D’autres enzymes impliquées dans les systèmes de réparation intracellulaire peuvent être utilisées, notamment les endonucléases. Chez E. coli par exemple, l’endonucléase IV reconnaît les sites abasiques et clive la molécule d’ADN du côté 5’ du site abasique (Haring, Rudiger et al. 1994). Briggs et al. ont utilisé conjointement l’UNG et l’endonucléase VIII afin d’éliminer les Uraciles tout en réparant les sites abasiques résultant de l’action de l’UNG (Briggs, Stenzel et al. 2010). L’endonucléase VIII clive les molécules d’ADN des 2 côtés des sites abasiques formés (Figure I-9).

Figure I-9 : Exemple de réparation d’ADN par action conjointe de 2 enzymes,

l’uracile-N-glycosylase et l’endonucléase VIII (d’après Briggs et al, 2010). a) Après phosphorylation des extrémités 5’ par l’enzyme T4 PNK phosphorylase, Les résidus Uracile sont clivés par l’Uracile-N-Glycosylase ; b) L’endonucléase VIII coupe la molécule d’ADN de chaque côté du site abasique résultant ; c) la PNK clive les éventuels groupes phosphate en 3’, permettant à la T4 polymérase de remplir les trous. Les adaptateurs nécessaires au séquençage par 454 seront par la suite liés par ligase.

Avant de débuter une procédure de réparation d’ADN, il est possible d’évaluer le taux de lésions d’un échantillon, soit en prenant en compte les conditions de préservation comme son âge thermique (Molak and Ho 2011), soit en réalisant une première série de PCR/séquençage

sur l’échantillon. Si un amplicon est obtenu, un programme de bioinformatique tel que mapDamage (Ginolhac, Rasmussen et al. 2011) reconnaît les « patterns » de dégradation de l’ADN, tels que la fragmentation, les mis-incorporations. Cela permet de juger de l’authenticité des séquences obtenues, ainsi que de la quantité et du type de dommages. On peut ainsi orienter les réparations de l’ADN à réaliser. Cependant, cela n’est réalisable que sur de l’ADN que les polymérases ont pu amplifier, c’est à dire ne contenant que des lésions non-bloquantes.

La connaissance limitée des chemins de dégradation des acides nucléiques rend très difficile les prédictions quant au contenu d’un échantillon, tant au niveau de la qualité que de la quantité d’ADN. Pour optimiser les chances de réparation de l’ADN, il faudrait idéalement lancer toutes les procédures de réparation.
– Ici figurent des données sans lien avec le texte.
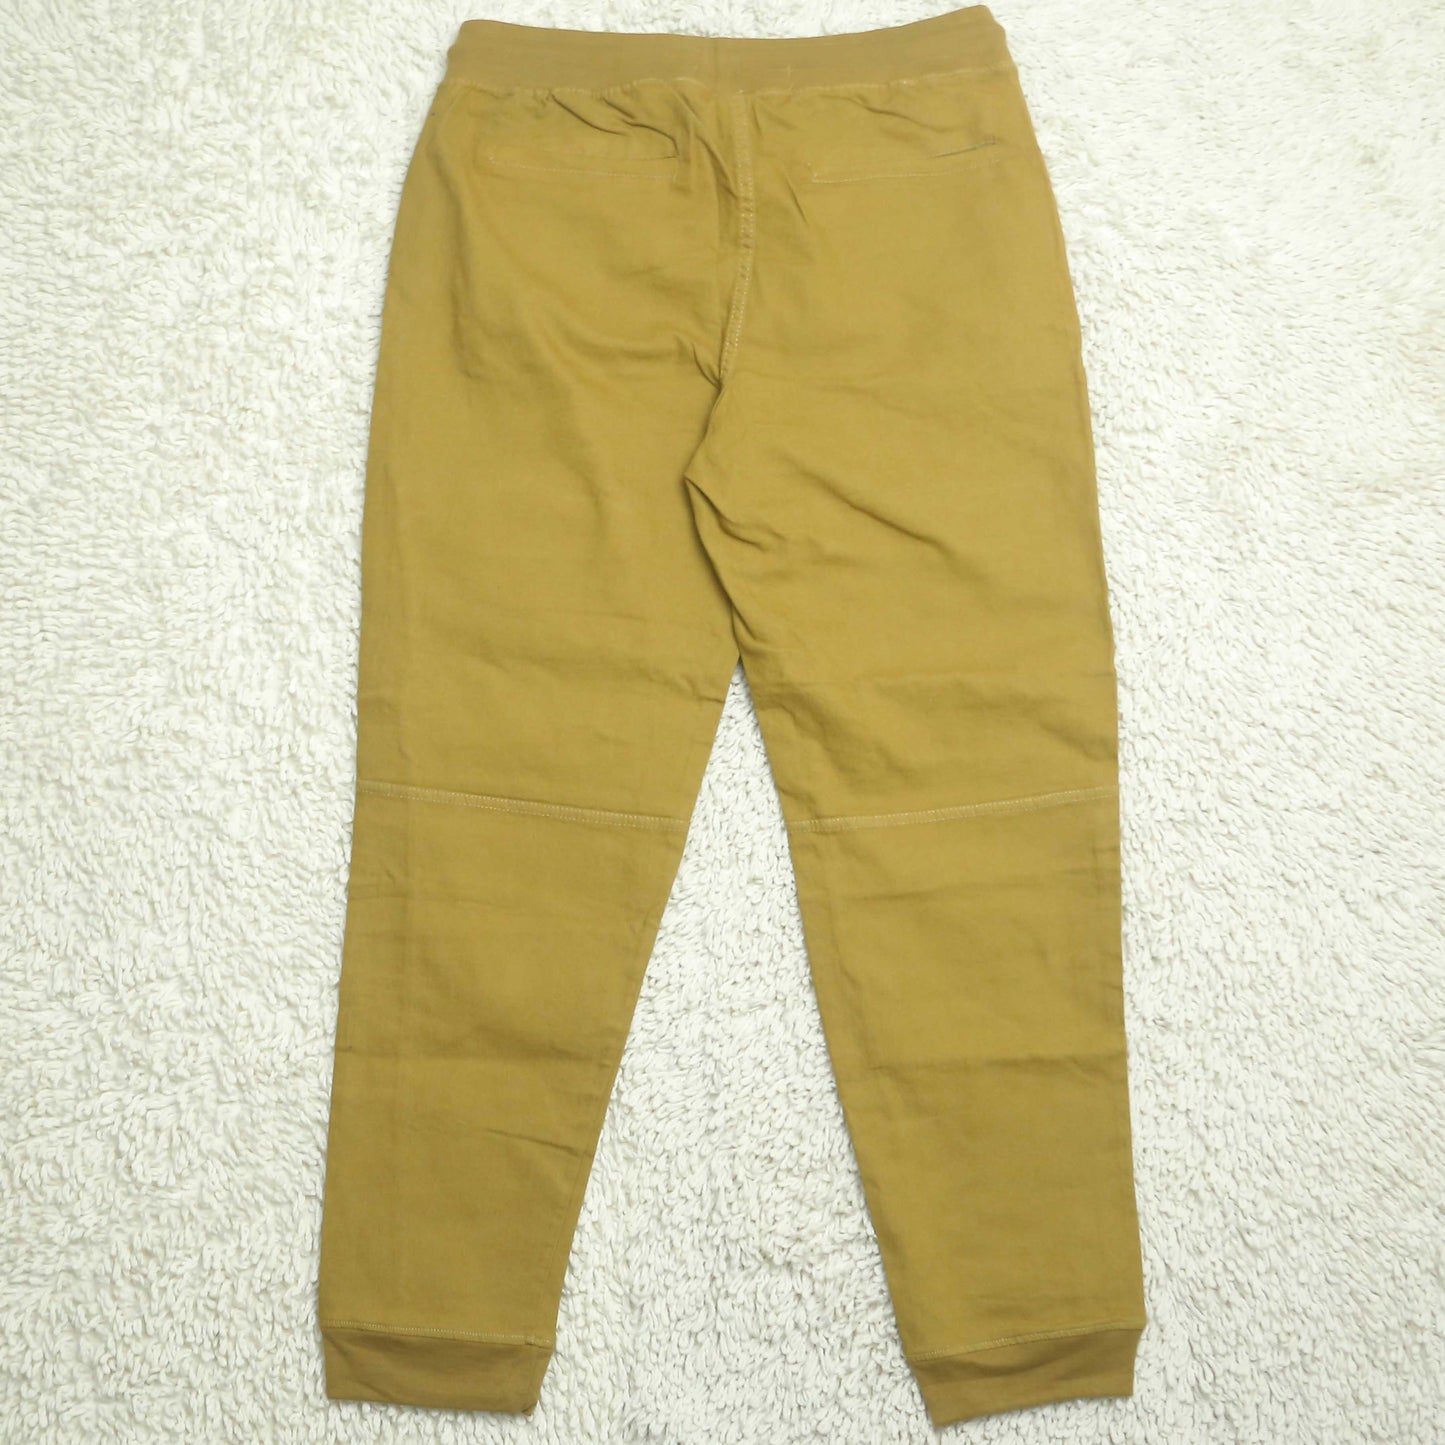 Ss - Six Pocket Cargo Jogger Pants (Men) - Khaki

Or des échantillons peuvent ne pas contenir d’ADN. Beaucoup de temps et d’argent sont donc parfois dépensés sans toutefois obtenir au final de résultat probant.

III.4 De nouvelles enzymes plus performantes

La réparation de l’ADN reste à ce jour compliquée et peu utile si la molécule à réparer n’est pas « lisible » par les polymérases. Cela a suscité l’émergence de nouvelles enzymes chimériques, plus performantes (Shapiro 2008).

McDonald et al. (2006) ont identifié une nouvelle famille de polymérases, « Y-family polymerase » qui peuvent traiter une grande variété de lésions de l’ADN. Mais si l’efficacité d’amplification augmente, ces enzymes sont significativement moins fidèle au substrat initial que ne le sont les polymérases classiques de la famille A (Shapiro 2008).

De nouvelles polymérases, capables de traiter des molécules contenant des sites abasiques et des hydantoïnes, ont également été développées en se basant sur les gènes codant pour la Taq-polymérase (d'Abbadie, Holliger et al. 2007; Gloeckner, Sauter et al. 2007). Ces enzymes sont effectivement plus efficaces que celles classiquement utilisées en PCR pour certains

échantillons, mais cette hausse d’efficacité n’est pas garantie, notamment lors de l’étude d’ADN ancien (Heyn et al., 2010). De plus, la fidélité de ces enzymes par rapport au substrat initial n’est pas optimale, ces enzymes ont tendance à incorporer préférentiellement de l’Adénine en face des lésions, ce qui augmente les incertitudes dans les séquences obtenues (Shapiro, 2008 ; Heyn et al., 2010).

Ainsi ni la réparation enzymatique ni le développement d’enzymes plus performantes ne règlent totalement les problèmes intrinsèques à l’utilisation d’enzymes. Il est donc souhaitable de disposer d’une méthode de détection non-enzymatique, permettant de connaître rapidement le contenu d’un échantillon avant de se lancer dans les procédures complexes de la réparation et de l’amplification.